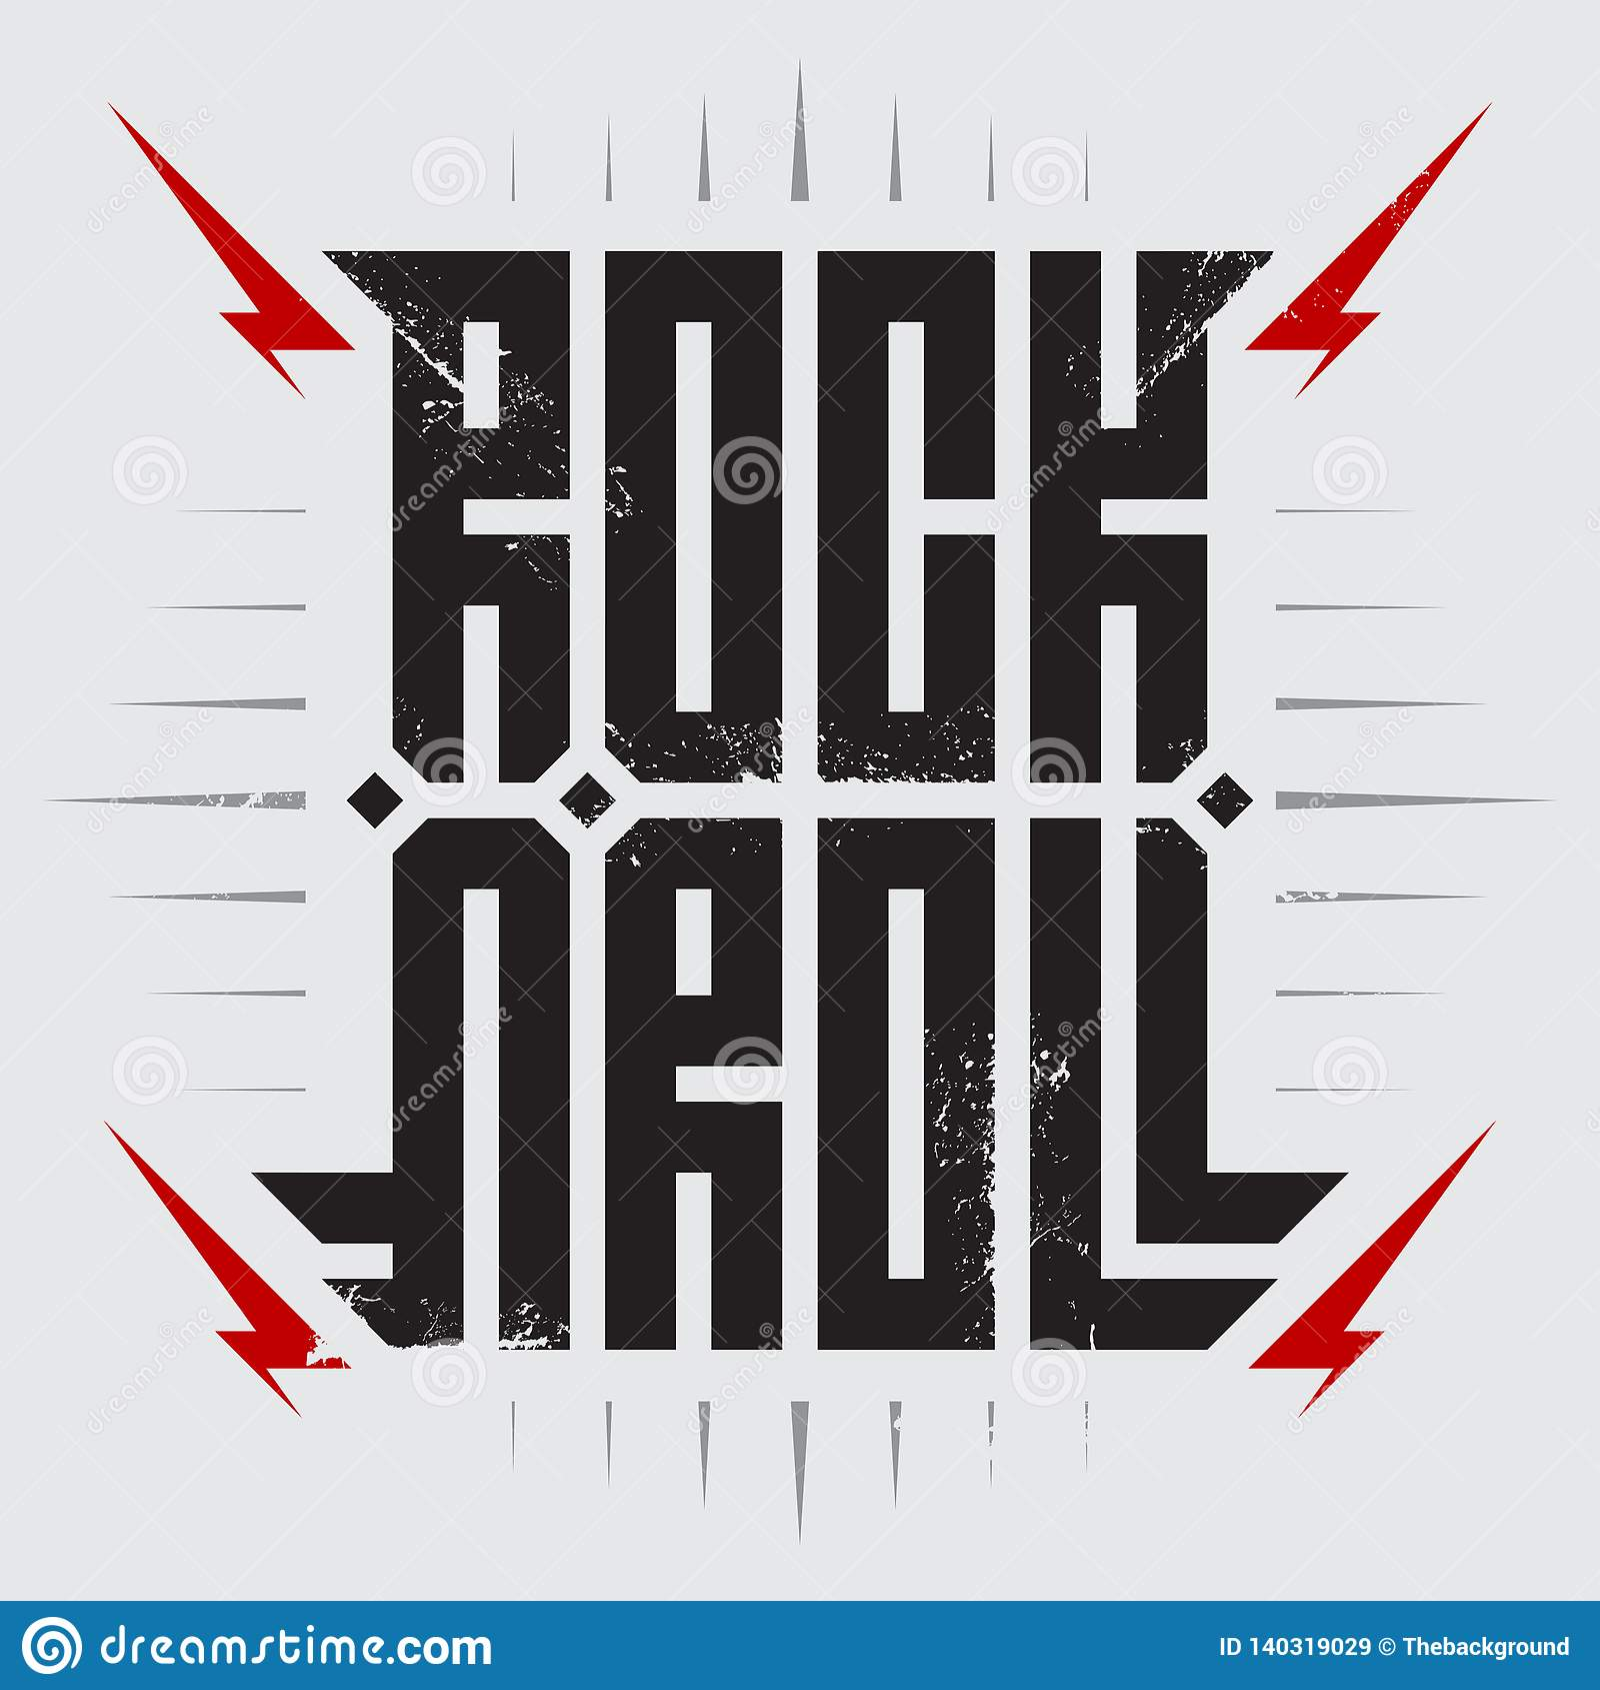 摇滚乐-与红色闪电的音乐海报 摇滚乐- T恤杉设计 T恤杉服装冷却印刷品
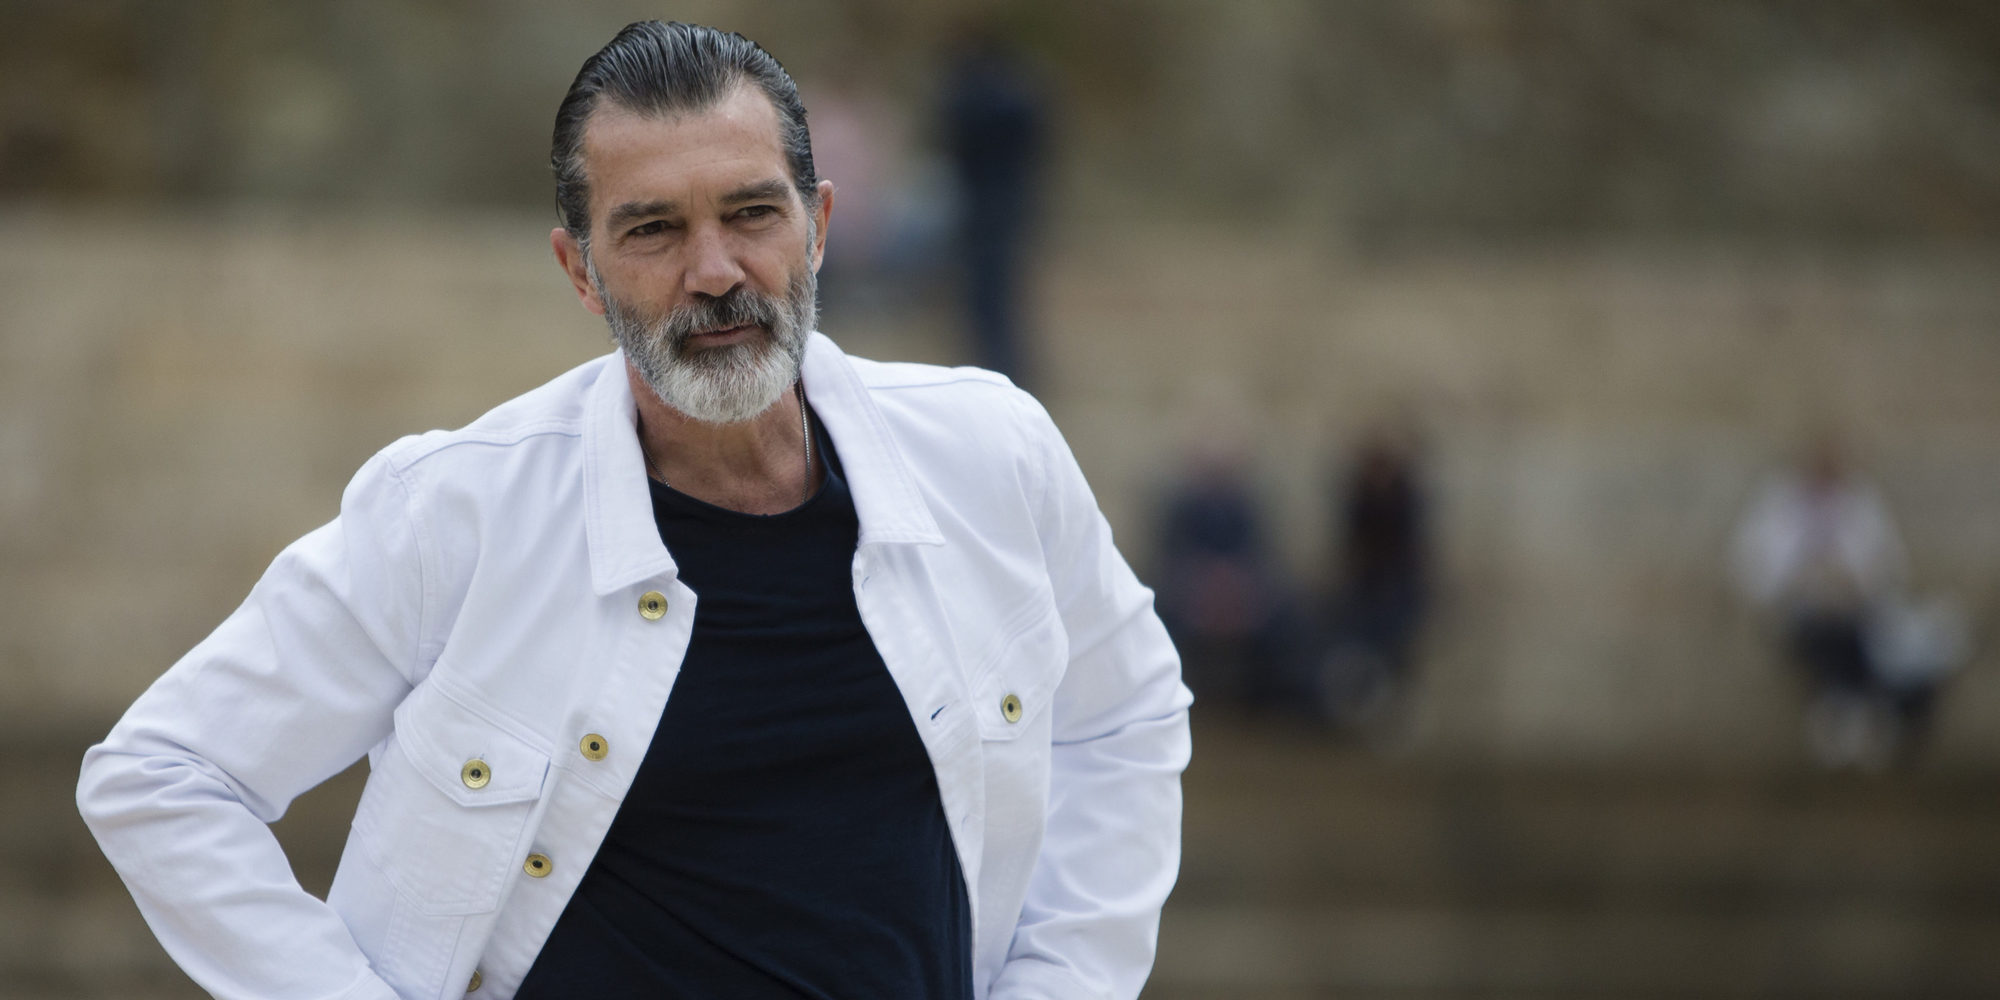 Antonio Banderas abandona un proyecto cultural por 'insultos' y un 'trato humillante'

────────────────────

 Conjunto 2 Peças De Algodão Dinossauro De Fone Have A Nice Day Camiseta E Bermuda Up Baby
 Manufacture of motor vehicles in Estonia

────────────────────

» Prompt
The lines to set down run from the line with "摇滚乐-与红色闪电的音乐海报 摇滚乐- T恤杉设计 T恤杉服装冷却印刷品" up to and including the line with "Antonio Banderas abandona" in the entries above. Reproduce them exactly, with no pictures.

» Solution
 摇滚乐-与红色闪电的音乐海报 摇滚乐- T恤杉设计 T恤杉服装冷却印刷品
 Antonio Banderas abandona un proyecto cultural por 'insultos' y un 'trato humillante'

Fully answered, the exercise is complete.